4. The image compression recovery method based on the multi-head heterogeneous convolution self-encoder according to claim 3, wherein the original image encoding and the heterogeneous image encoding are fused and quantized based on an attention mechanism to obtain a compressed image, specifically:

encoding of an original image f₀And heterogeneous image coding f₁，f₂，f₃Adding spatial attention, encoding the original image with spatial attention added₀And heterogeneous image coding f₁，f₂，f₃Respectively carrying out global pooling and average pooling, and splicing the pooled result with the original image coding matrix; encoding of an original image f₀And heterogeneous image coding f₁，f₂，f₃Respectively carrying out convolution operation to obtain the dimension of [ H, W,1 ]]Is characterized by

And based on

Generating spatial attention weight w by sigmoid₀By encoding of the original image f₀And heterogeneous image coding f₁，f₂，f₃Respectively with spatial attention weight w₀Performing matrix multiplication to obtain the data added with space attention

After paying attention to the acquired added space

Add channel attention, to

In [ H, W, C ]]Performing global pooling in dimension to obtain features

Generating weights z by fully connected layers and sigmoid₀Will z₀And

And the matrix dimensions of the original image coding and the heterogeneous image coding are [ H, W, C ].

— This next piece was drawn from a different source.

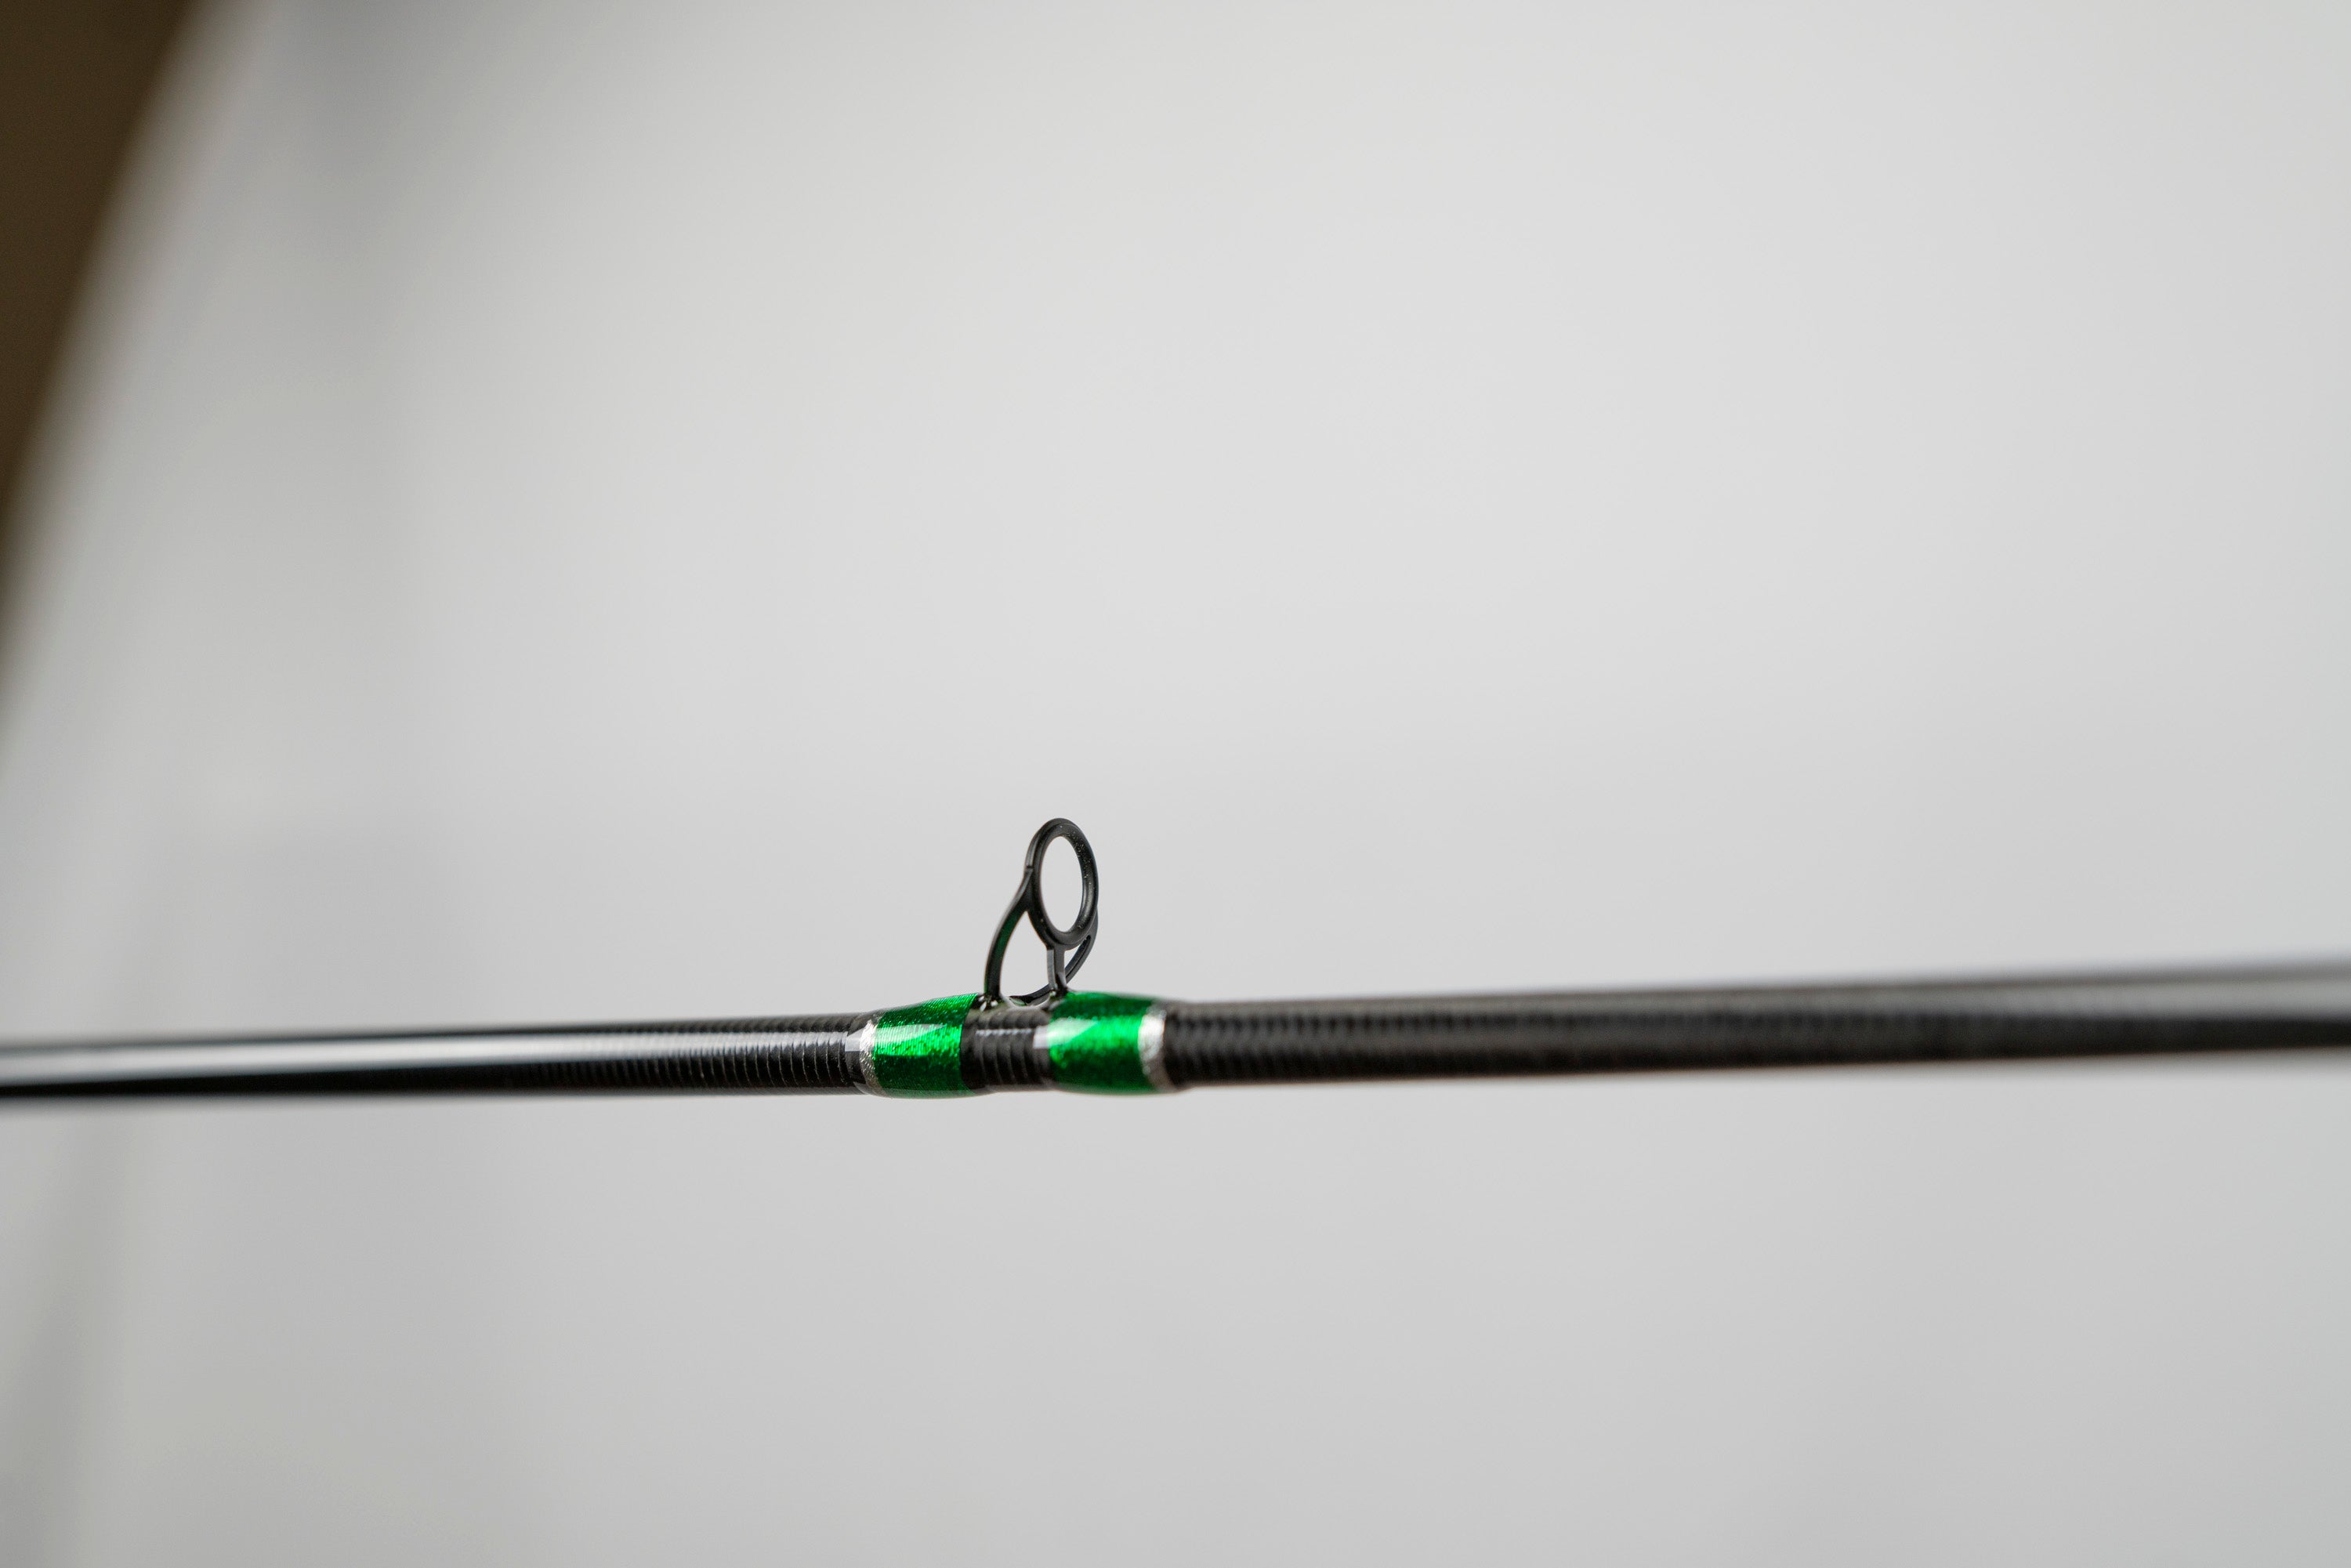 Grasshopper Fishing Rod – KISTLER Fishing

5. The image compression recovery method based on the multi-head heterogeneous convolution self-encoder according to claim 4, wherein the depth learning method based on the decoder decodes the compressed image to obtain a recovered image, and specifically includes: for compressed image f_qPerforming inverse quantization, performing upsampling on the image by a decoder by using deconvolution operation, enlarging dimension of H and W of the image subjected to inverse quantization, and finally outputting a restored image

Dimension of [ H ]₀，W₀，3]And an original image I₀The dimensions are the same.

6. The image compression recovery method based on the multi-head heterogeneous convolution self-encoder according to claim 5, wherein the loss function is shown in formula (2):

7. An image compression recovery system based on a multi-head heterogeneous convolutional auto-encoder, comprising:

8. A terminal device comprising a memory, a processor and a computer program stored in the memory and executable on the processor, characterized in that the processor implements the steps of the method according to any of claims 1-6 when executing the computer program.

9. A computer-readable storage medium, in which a computer program is stored which, when being executed by a processor, carries out the steps of the method according to any one of claims 1 to 6.